→ DATA PROVIDED
* * * * *

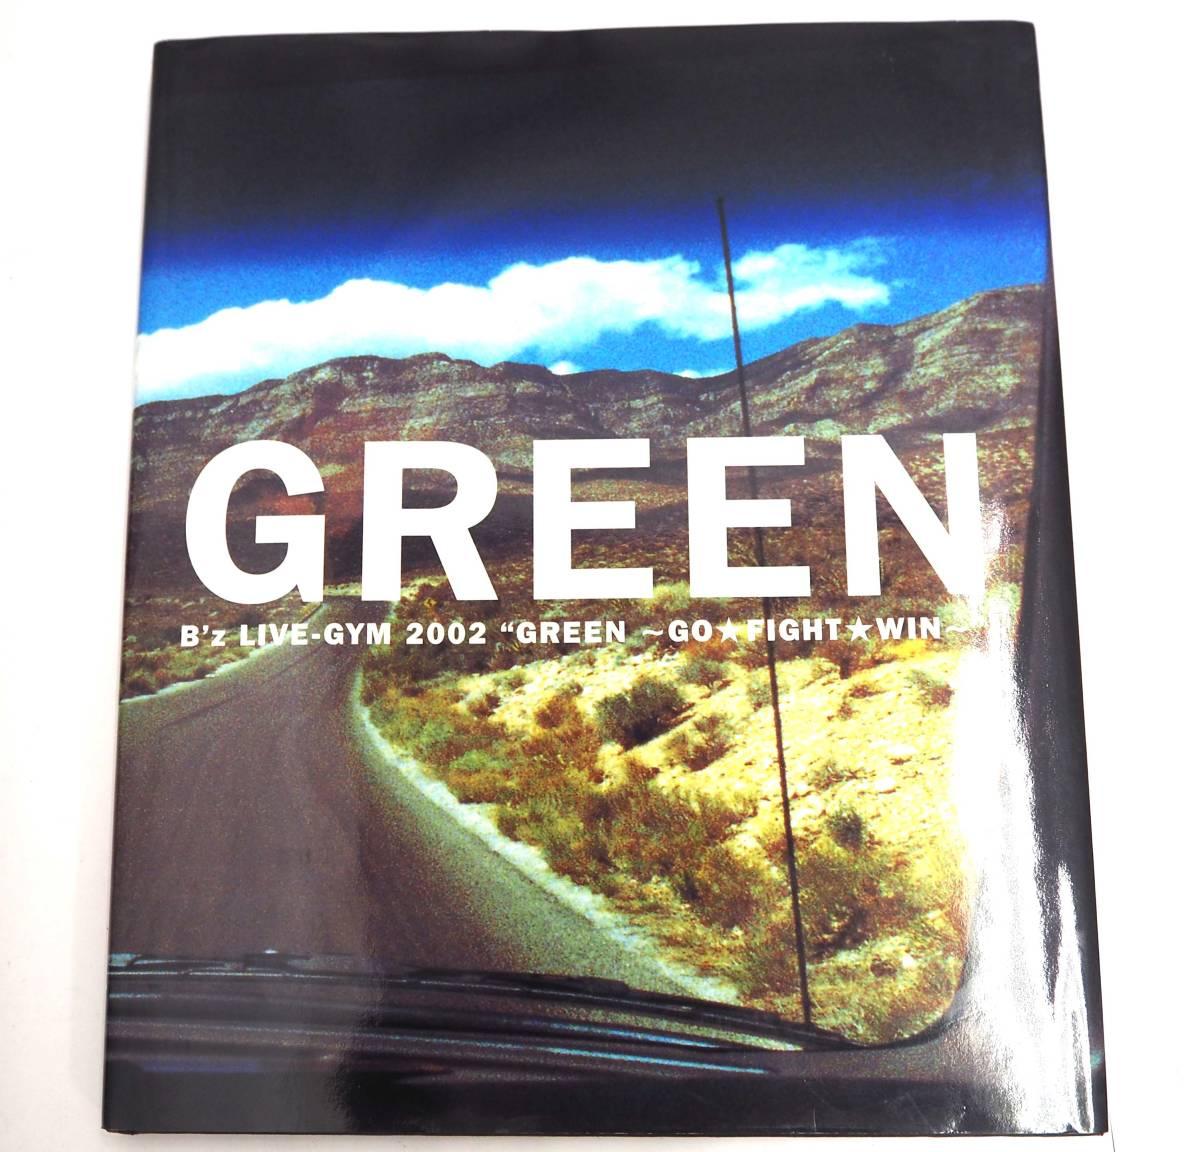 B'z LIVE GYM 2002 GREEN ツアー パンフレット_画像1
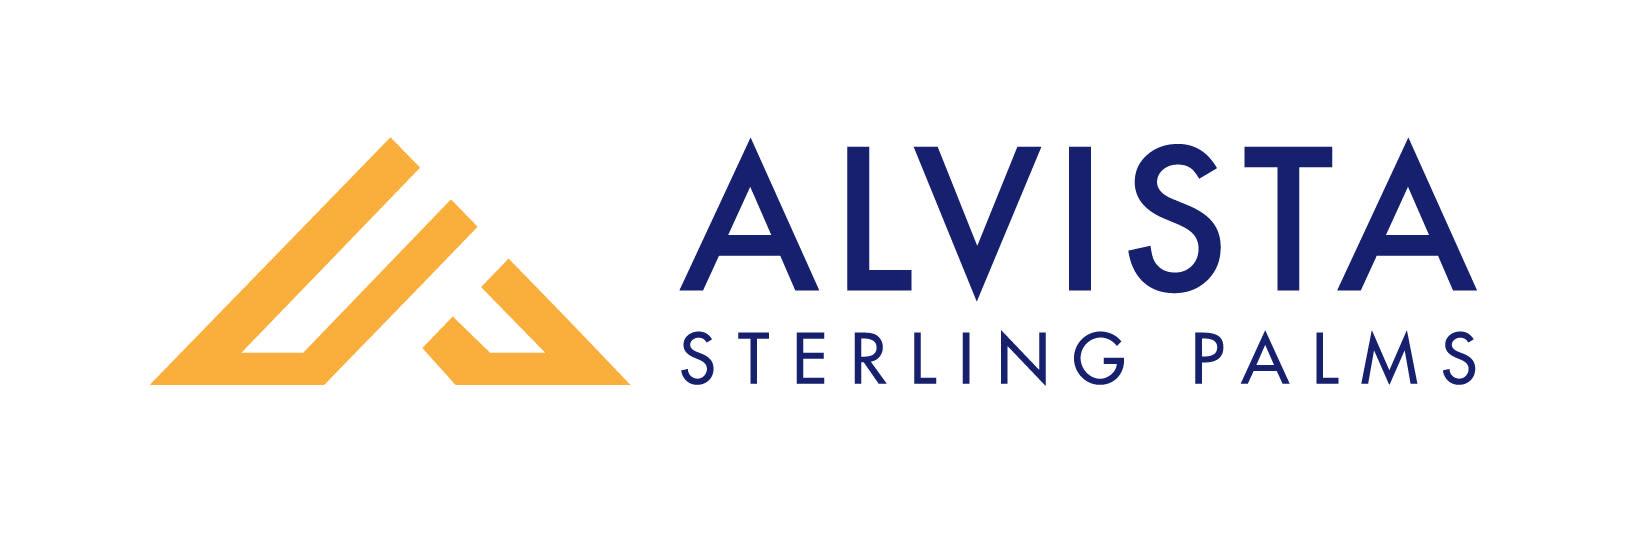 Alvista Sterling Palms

* * * * *

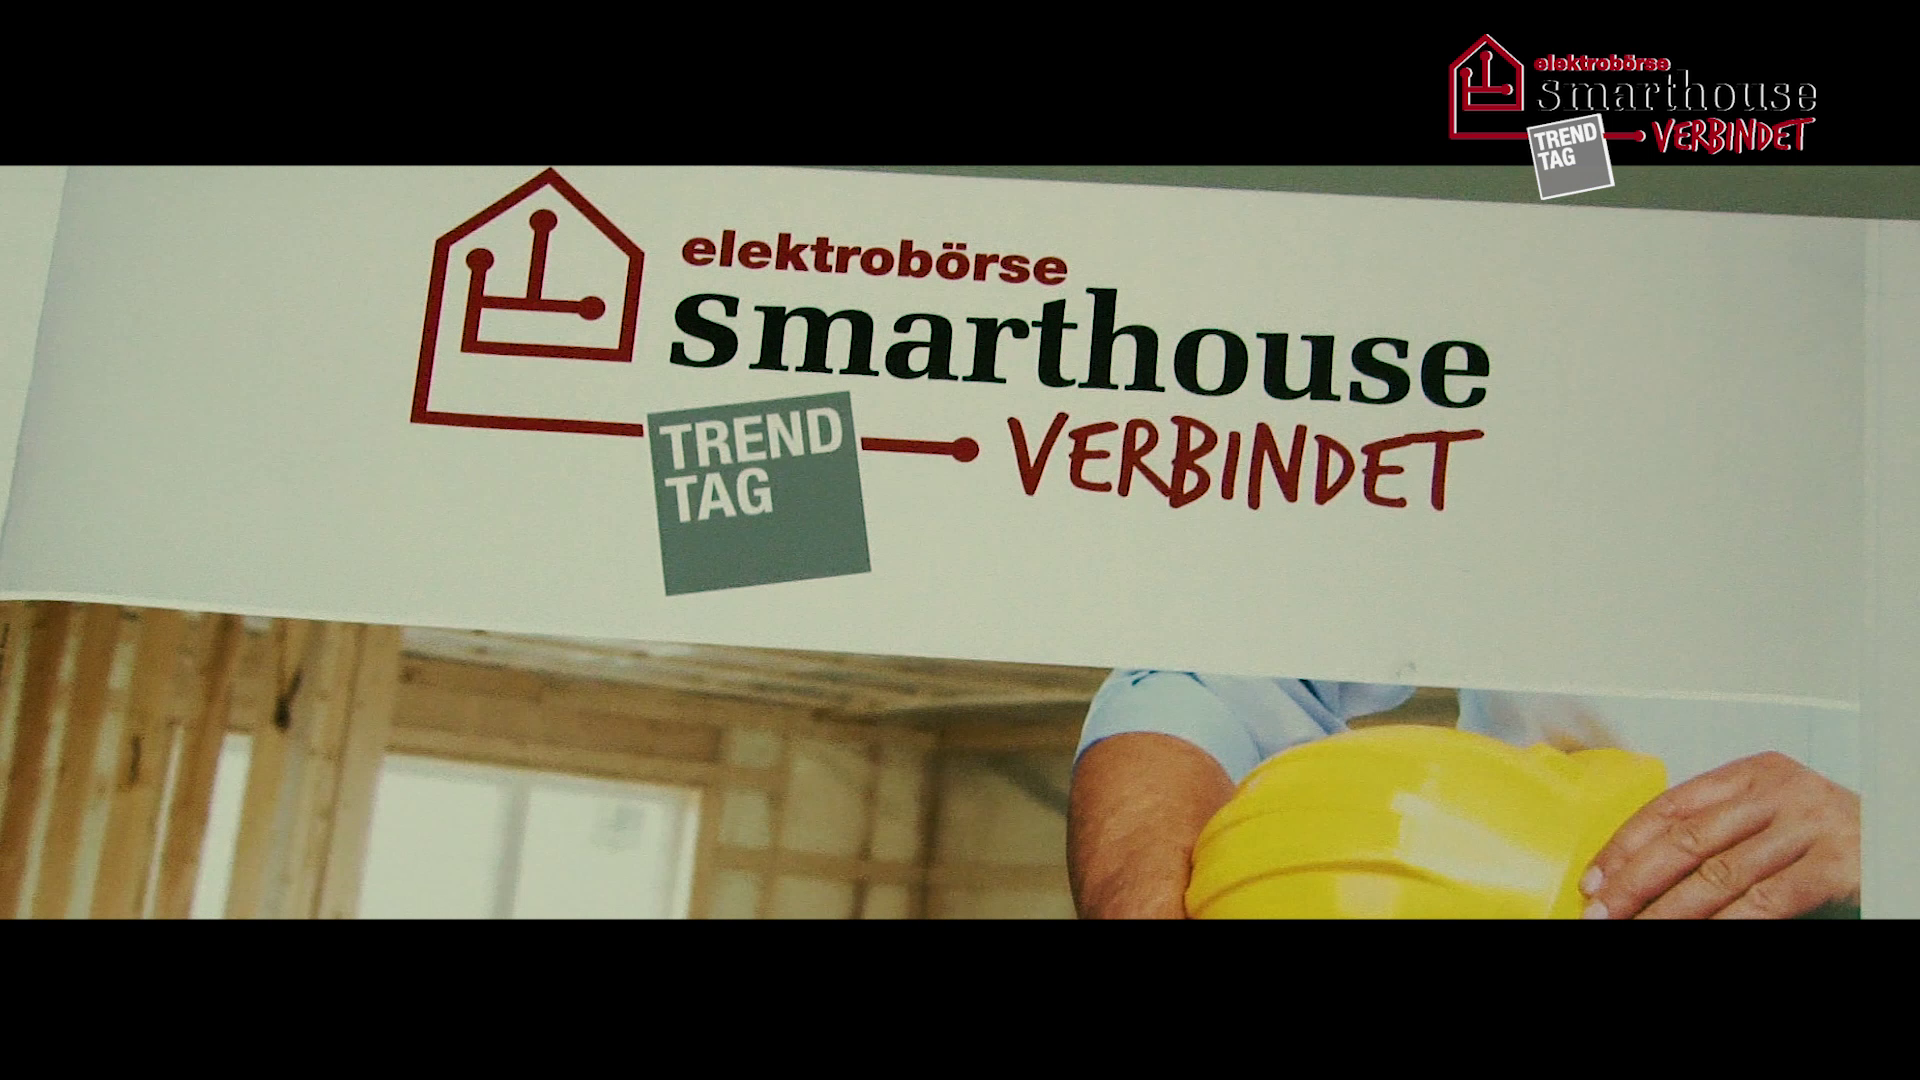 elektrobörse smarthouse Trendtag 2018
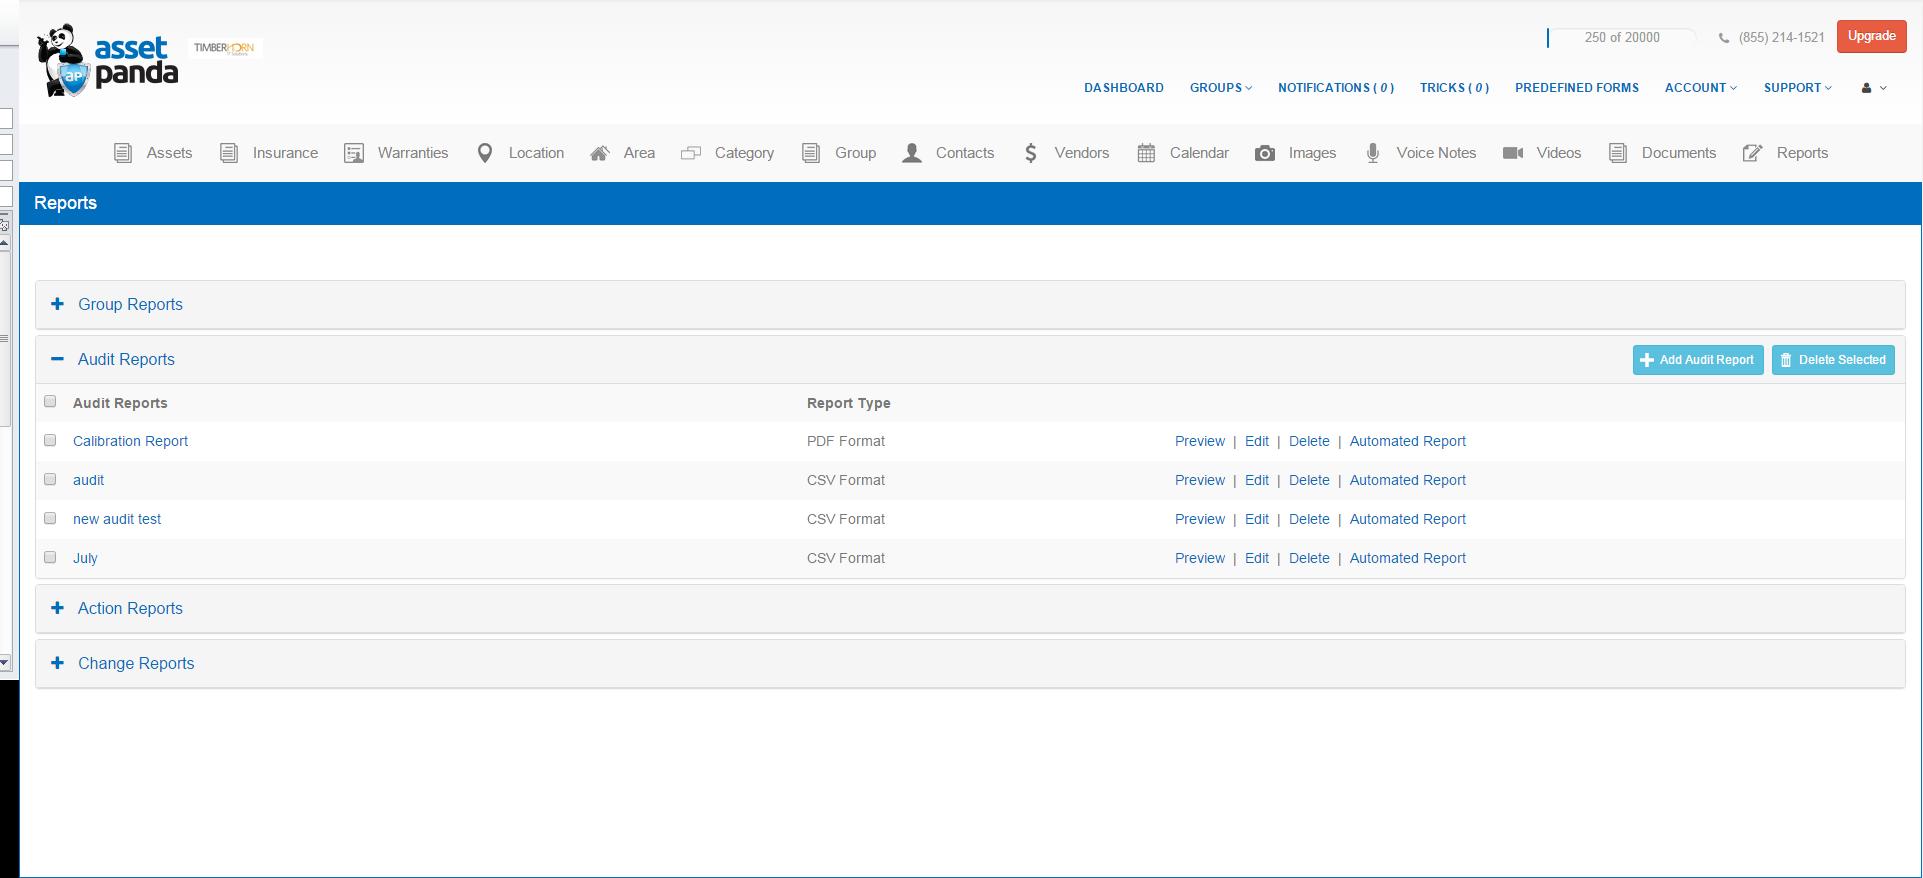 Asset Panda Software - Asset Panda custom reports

* * * * *

→ PROBLEM REQUIREMENTS
Among the entries above, locate the line with "B'z LIVE GYM 2002 GREEN ツアー パンフレット_画像1" and the line with "Alvista Sterling Palms". Give those two lines and all lines between them again, exactly, leaving out the pictures.

→ SOLVED PROBLEM
 B'z LIVE GYM 2002 GREEN ツアー パンフレット_画像1
 Alvista Sterling Palms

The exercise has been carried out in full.